Thank you for the time to provide a detailed review. We are delighted that you appreciate the novelty of WAPITI and recognize its preservation of fine-tuned capabilities. Moreover, your questions will significantly enhance the overall quality of our paper and improve the comprehensiveness of the experimental design. We answer your questions as follows.

W1: The incompatibility between watermark distillation and the fine-tuned model has been discussed in Gu. so it shouldn't be considered a primary contribution.

Sorry for the confusion. While we acknowledge Gu's observation regarding the impact of fine-tuning on watermarks, we think Gu's work mainly analyzes the impact of further fine-tuning on watermark ability instead of on fine-tuned capabilities. In comparison, we devise detailed and comprehensive experiments that strongly validate this phenomenon. To further strengthen our work, we have incorporated two additional experimental settings. The updated experimental setup is as follows:

Distilling a fine-tuned model with watermarked content,
Fine-tuning a distilled model that already contains a watermark, and
Fine-tuning a base model using a watermarked fine-tuning dataset.

These three methods are all possible ways to achieve a watermark fine-tuned model using watermark distillation. And current experimental results show that all of them impact the model's fine-tuned capability substantially. The result is shown in the following:

Fine-tune Method	p-value	GSM8K Accuracy
Distill fine-tuned model	$\text{3.6}\cdot\text{10}^{-\text{3}}$	$1.1$ %
Fine-tune watermarked model	$\text{4.1}\cdot\text{10}^{-\text{1}}$	$3.4$ %
Use watermarked fine-tune data	$\text{1.2}\cdot\text{10}^{-\text{1}}$	$1.2$ %

W2: This paper is an improvement on Gu's watermark distillation schema, thus limiting its novelty and may require further research.

Thank you for your feedback. It is undeniable that there is some overlap between Gu's remarkable work and WAPITI. However, we believe WAPITI is not merely an incremental improvement. Instead, it addresses a significant, unresolved challenge: watermarking fine-tuned LLMs, which is a critical component for the broader open-source community. Moreover, WAPITI represents a new paradigm for watermarking, as it can be seamlessly integrated with other watermarking techniques. We are confident that its value will become even more apparent as more robust watermarking methods emerge in the future.

W3: The contribution doesn't include WAPITI's defense against fine-tuning attacks and the paper lacks a comprehensive discussion on it.
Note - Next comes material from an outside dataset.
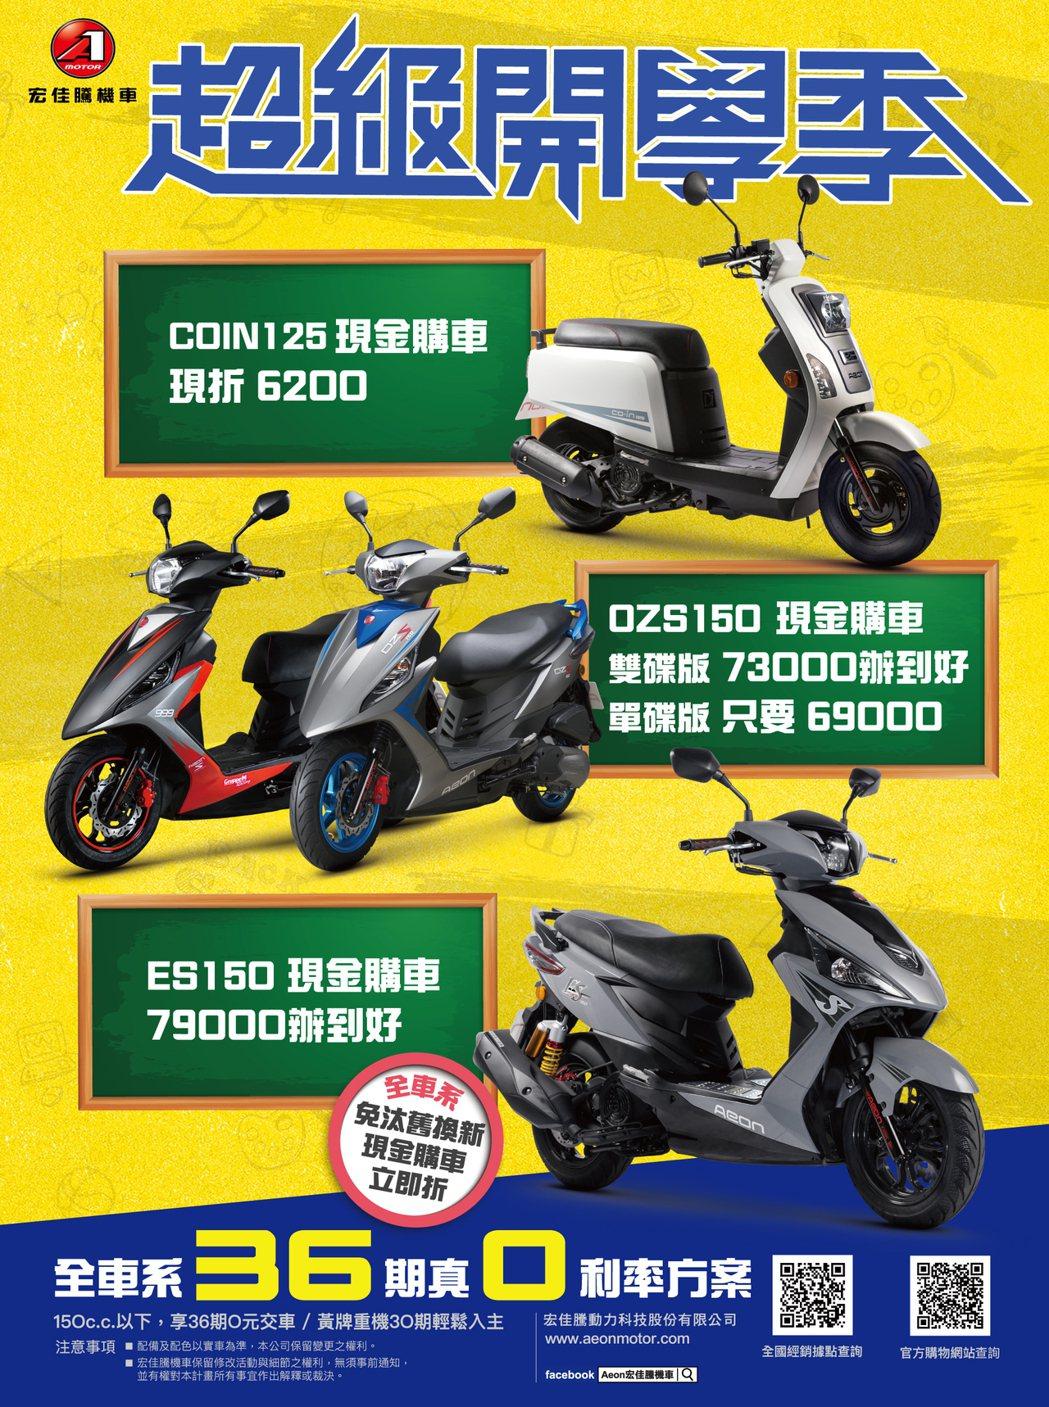 宏佳騰機車將在「台南國際生技綠能展」展出全車系車款及獨家購車優惠外,多部暢銷車款...

Sorry for the confusion. We will add defense against fine-tuning attacks into the contribution summary. We provide an intuitive understanding of the fine-tuning attack in Appendix E.2. In addition, we explain the fine-tuning attack's setup in Appendix E.2 in detail.

W4: Table 1's current content needs to be corrected and keep the format standard. Besides, the organization of Table 1 should be optimized to include more comparisons between different methods.
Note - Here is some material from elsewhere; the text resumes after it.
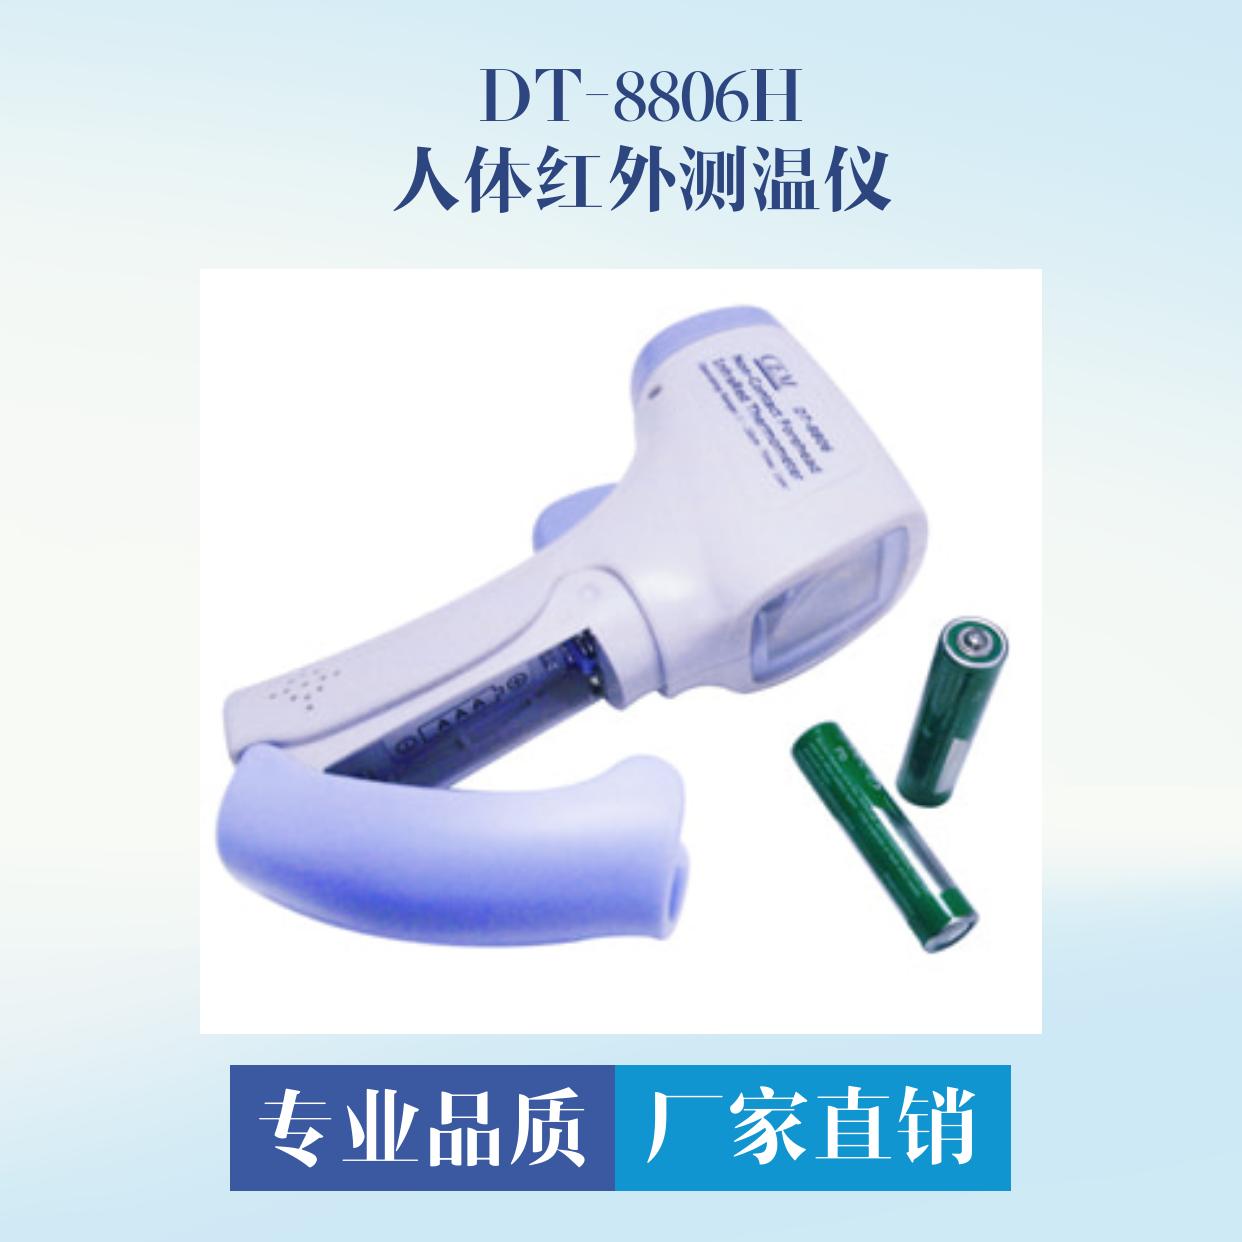 人体红外测温仪 DT-8806H

Sorry for the confusion. We think the Decoding-based Watermark's row should only have one checkmark since it can't be directly applied in open-sourced models because users can just throw away the specified decoder, so we think the last two columns should both be N/A.

We have standardized the table and added additional information to ensure its clarity. And the efficiency support data will be presented in Appendix A.

Open-sourced Application
Efficiency	Vulnerability
$\mathcal{C}_{FT}$	Fine-tuning Attack
$\mathcal{C}_{FT}/N$	Robust to Fine-tuning
N/A	N/A

$\mathcal{C}_{FT}$ indicates the computation cost of watermark distillation. $N$ indicates the number of models of the same type in that WAPITI only requires one watermark distillation to watermarking all models of the same type.

评论- Response to Reviewer ep8o (2/3)

2024-11-23

W5: The paper doesn't explicitly differentiate WAPITI and Gu's watermark distillation in resisting fine-tuning attacks. Further experiments or explanations are needed to solidify this contribution.

Sorry for the confusion. The key distinction between the fine-tuning attack and the defense against fine-tuning attacks lies in how fine-tuning is utilized. Gu employs fine-tuning as an attack specifically targeting the watermark embedded in the watermarked base model, whereas we focus on fine-tuning aimed at watermarked fine-tuned models. This difference explains why Gu does not discuss the usability of the fine-tuned watermarked base model. The usability remains unaffected because the base model itself has not been fine-tuned to acquire any new task-specific capabilities yet. As a result, the only relevant metric in Gu's approach is perplexity.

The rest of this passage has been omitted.